DNSOP Working Group D. Lawrence
Internet-Draft Akamai Technologies
Intended status: Standards Track W. Kumari
Expires: September 14, 2017 Google
March 13, 2017
Serving Stale Data to Improve DNS Resiliency
draft-tale-dnsop-serve-stale-00
Abstract
This draft defines a method for recursive resolvers to use stale DNS
data to avoid outages when authoritative nameservers cannot be
reached to refresh expired data.
Ed note
Text inside square brackets ([]) is additional background
information, answers to frequently asked questions, general musings,
etc. They will be removed before publication. This document is
being collaborated on in GitHub at <https://github.com/vttale/serve-
stale>. The most recent version of the document, open issues, etc
should all be available here. The authors gratefully accept pull
requests.
Status of This Memo
This Internet-Draft is submitted in full conformance with the
provisions of BCP 78 and BCP 79.
Internet-Drafts are working documents of the Internet Engineering
Task Force (IETF). Note that other groups may also distribute
working documents as Internet-Drafts. The list of current Internet-
Drafts is at http://datatracker.ietf.org/drafts/current/.
Internet-Drafts are draft documents valid for a maximum of six months
and may be updated, replaced, or obsoleted by other documents at any
time. It is inappropriate to use Internet-Drafts as reference
material or to cite them other than as "work in progress."
This Internet-Draft will expire on September 14, 2017.
Copyright Notice
Copyright (c) 2017 IETF Trust and the persons identified as the
document authors. All rights reserved.
Lawrence & Kumari Expires September 14, 2017 [Page 1]
Internet-Draft DNS Serve Stale March 2017
This document is subject to BCP 78 and the IETF Trust's Legal
Provisions Relating to IETF Documents
(http://trustee.ietf.org/license-info) in effect on the date of
publication of this document. Please review these documents
carefully, as they describe your rights and restrictions with respect
to this document. Code Components extracted from this document must
include Simplified BSD License text as described in Section 4.e of
the Trust Legal Provisions and are provided without warranty as
described in the Simplified BSD License.
Table of Contents
1. Introduction . . . . . . . . . . . . . . . . . . . . . . . . 2
2. Terminology . . . . . . . . . . . . . . . . . . . . . . . . . 3
3. Description . . . . . . . . . . . . . . . . . . . . . . . . . 3
4. Implementation Caveats . . . . . . . . . . . . . . . . . . . 4
5. Implementation Status . . . . . . . . . . . . . . . . . . . . 5
6. Security Considerations . . . . . . . . . . . . . . . . . . . 5
7. Privacy Considerations . . . . . . . . . . . . . . . . . . . 6
8. NAT Considerations . . . . . . . . . . . . . . . . . . . . . 6
9. IANA Considerations . . . . . . . . . . . . . . . . . . . . . 6
10. Acknowledgements . . . . . . . . . . . . . . . . . . . . . . 6
11. References . . . . . . . . . . . . . . . . . . . . . . . . . 6
11.1. Normative References . . . . . . . . . . . . . . . . . . 6
11.2. Informative References . . . . . . . . . . . . . . . . . 6
Authors' Addresses . . . . . . . . . . . . . . . . . . . . . . . 7
1. Introduction
Traditionally the Time To Live (TTL) of a DNS resource record has
been understood to represent the maximum number of seconds that a
record can be used before it must be discarded, based on its
description and usage in [RFC1035] and clarifications in [RFC2181].
Specifically, [RFC1035] Section 3.2.1 says that it "specifies the
time interval that the resource record may be cached before the
source of the information should again be consulted".
Notably, the original DNS specification does not say that data past
its expiration cannot be used. This document proposes a method for
how recursive resolvers should handle stale DNS data to balance the
competing needs of resiliency and freshness.
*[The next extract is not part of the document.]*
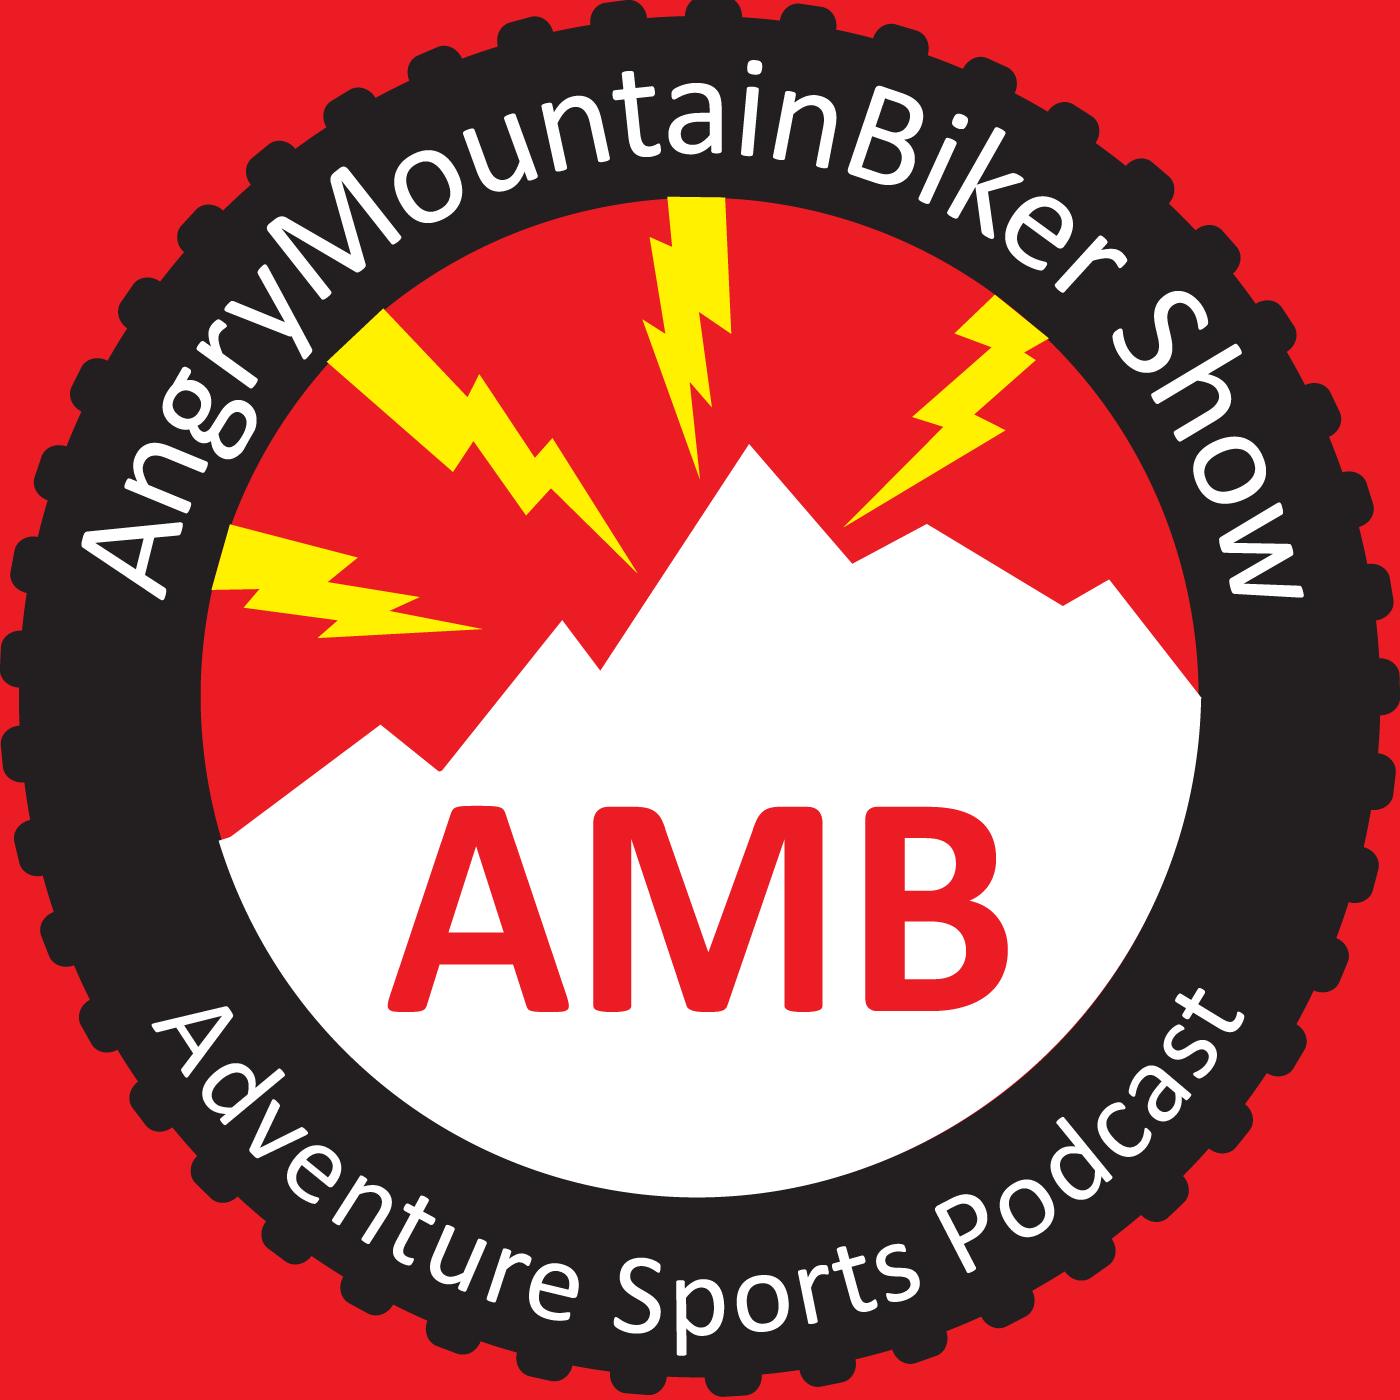 AngryMountainBiker Show logo

It is predicated on the
observation that authoritative server unavailability can cause
outages even when the underlying data those servers would return is
typically unchanged.
There are a number of reasons why an authoritative server may become
unreachable, including Denial of Service (DoS) attacks, network
issues, and so on. This document suggests that, if the recursive
Lawrence & Kumari Expires September 14, 2017 [Page 2]
Internet-Draft DNS Serve Stale March 2017
server is unable to contact the authoritative server but still has
data for the query name, it essentially extends the TTL of the
existing data on the assumption that "stale bread is better than no
bread".
Several major recursive resolver operations currently use stale data
for answers in some way, including Akamai, OpenDNS, and Xerocole.
2. Terminology
The key words "MUST", "MUST NOT", "REQUIRED", "SHALL", "SHALL NOT",
"SHOULD", "SHOULD NOT", "RECOMMENDED", "MAY", and "OPTIONAL" in this
document are to be interpreted as described in [RFC2119].
For a comprehensive treatment of DNS terms, please see [RFC7719].
3. Description
Three notable timers drive considerations for the use of stale data,
as follows:
o A client response timer, which is the maximum amount of time a
recursive resolver should allow between the receipt of a
resolution request and sending its response.
o A query resolution timer, which caps the total amount of time a
recursive resolver spends processing the query.
o A maximum stale timer, which caps the amount of time that records
will be kept past their expiration.
Recursive resolvers already have the second timer; the first and
third timers are new concepts for this mechanism.
When a request is received by the recursive resolver, it SHOULD start
the client response timer. This timer is used to avoid client
timeouts. It SHOULD be configurable, with a recommended value of 1.8
seconds.
The resolver then checks its cache for an unexpired answer. If it
finds none and the Recursion Desired flag is not set in the request,
it SHOULD immediately return the response without consulting the
cache for expired records.
If iterative lookups will be done, it SHOULD start the query
resolution timer. This timer bounds the work done by the resolver,
and is commonly around 10 to 30 seconds. [ BIND 9 used to use a hard-
coded constant of 30 seconds and has more recently added a
Lawrence & Kumari Expires September 14, 2017 [Page 3]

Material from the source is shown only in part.